Cross-specialty collaboration boosts cardiac surgery results
Patients undergoing cardiac surgery may receive blood transfusions to make up for loss of blood. The transfusion rate – the percentage of cardiac surgery patients who receive blood during surgery – varies a great deal nationwide, from 7 percent to 90 percent.
At the University of Vermont Medical Center, a multidisciplinary cardiac team – with members from Cardiothoracic Surgery, Anesthesia, Nephrology, Perfusion, the Jeffords Institute for Quality and the Blood Bank – set out to lower the transfusion rate. They started with small changes; over four years they changed the culture surrounding transfusion, making care safer while saving money.
Everybody who impacts the cardiac patient has a role in this. It is an important team effort.
Charlie Krumholz, chief perfusionist
The group developed practice guidelines, treatment protocols and a special postoperative transfusion procedure. Thanks to many efforts, the hospital reduced blood transfusion rates during cardiac operations to 25 percent in 2014. Since then, UVM Medical Center has reduced that transfusion rate to 10 percent, one of the lowest in the country.

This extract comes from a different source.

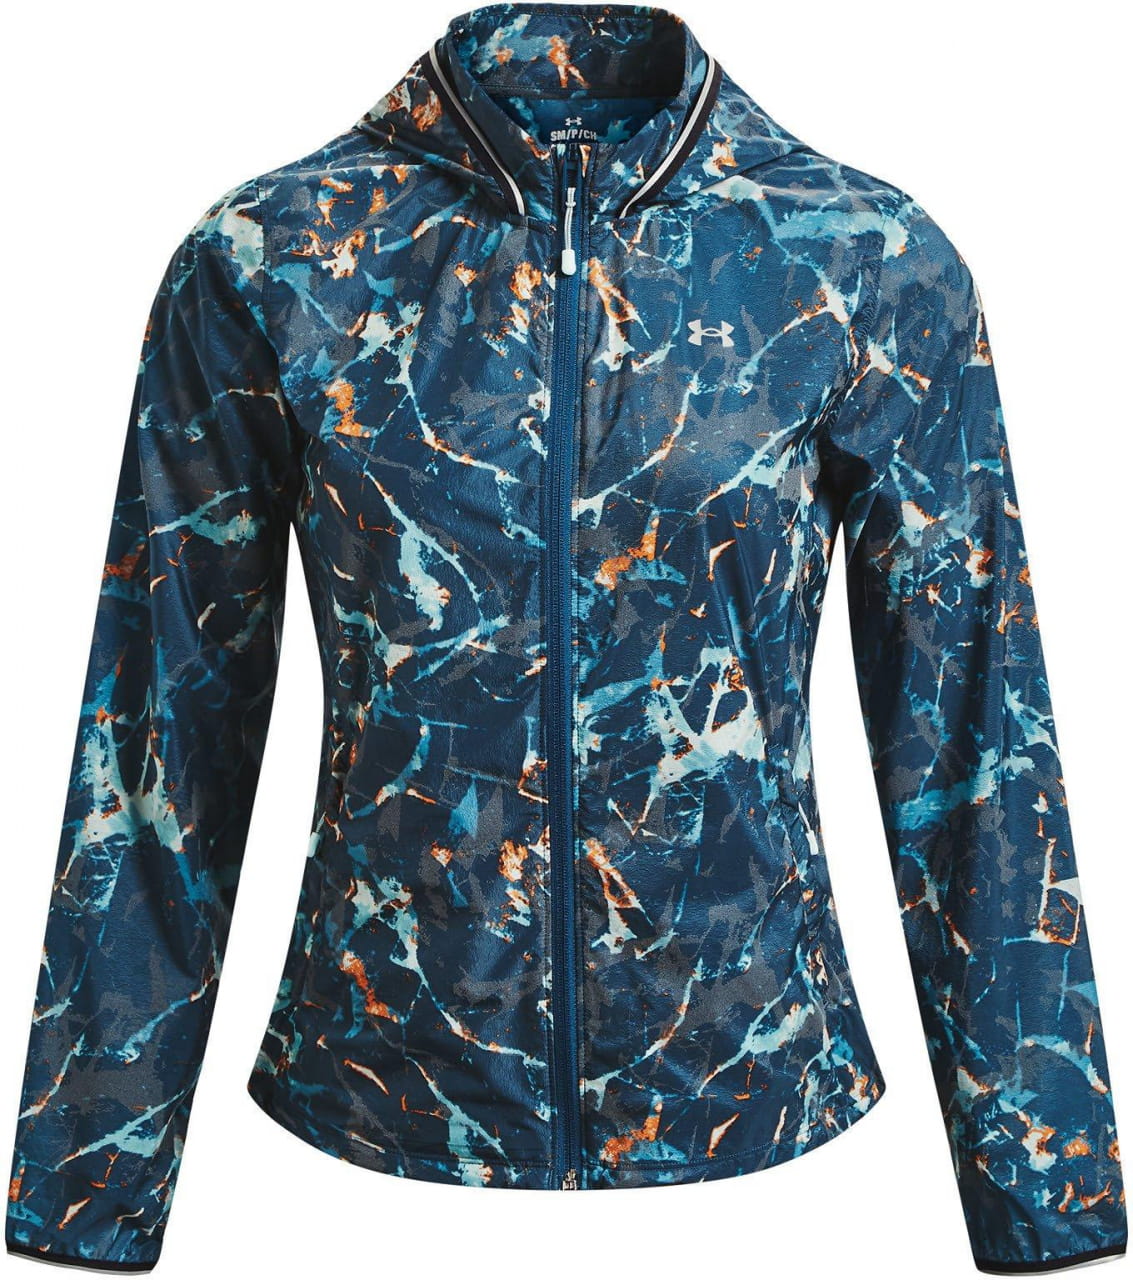 Armour Cold Jacket - chaqueta de mujer | Snsp.es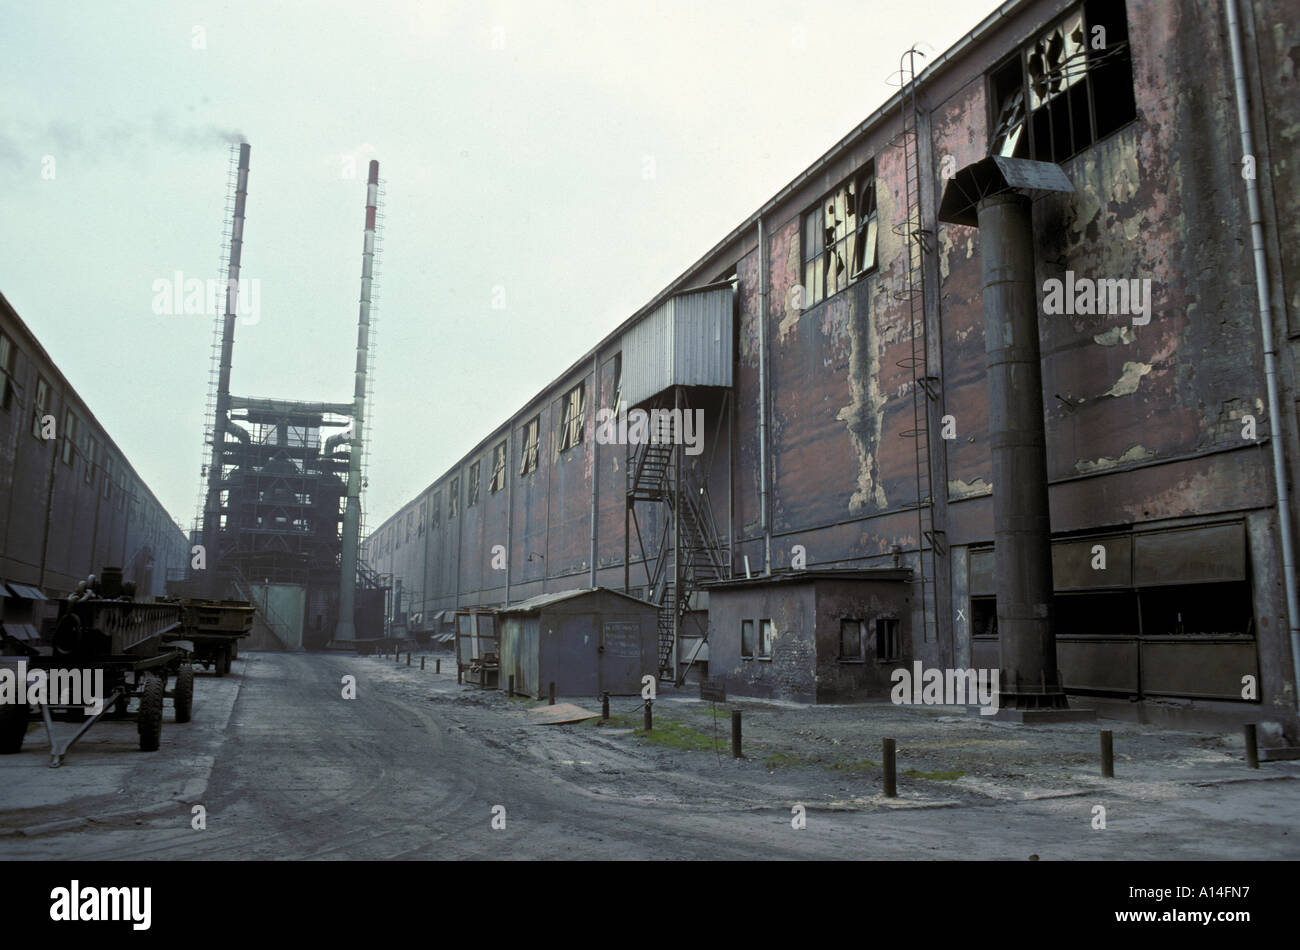 Aluminium factory at Ziar Nad Hronom in central Slovakia Europe Stock Photo

By changing transfusion practices, in 2015 UVM Medical Center cut the overall patient mortality rate for cardiac surgery in half, to 1.4 percent in 2015; lowered the rate of acute kidney injury by 25 percent to 2.8 percent; reduced mediastinitis infections (an inflammation of the tissues in the mid-chest) to 0.2 percent (from 0.7 percent in 2012); and saved more than $150,000 in blood products.
The hospital is now a leader in this effort, says Chief Perfusionist Charles Krumholz. With lower transfusion rates, Krumholz says, “Our mortality is lower and patients feel better.”
These changes do not increase cost, but do require willingness by a large team to change long-held practices. “We’re working to change the culture of transfusion,” Krumholz said. “Everybody who impacts the cardiac patient has a role in this. It is an important team effort.”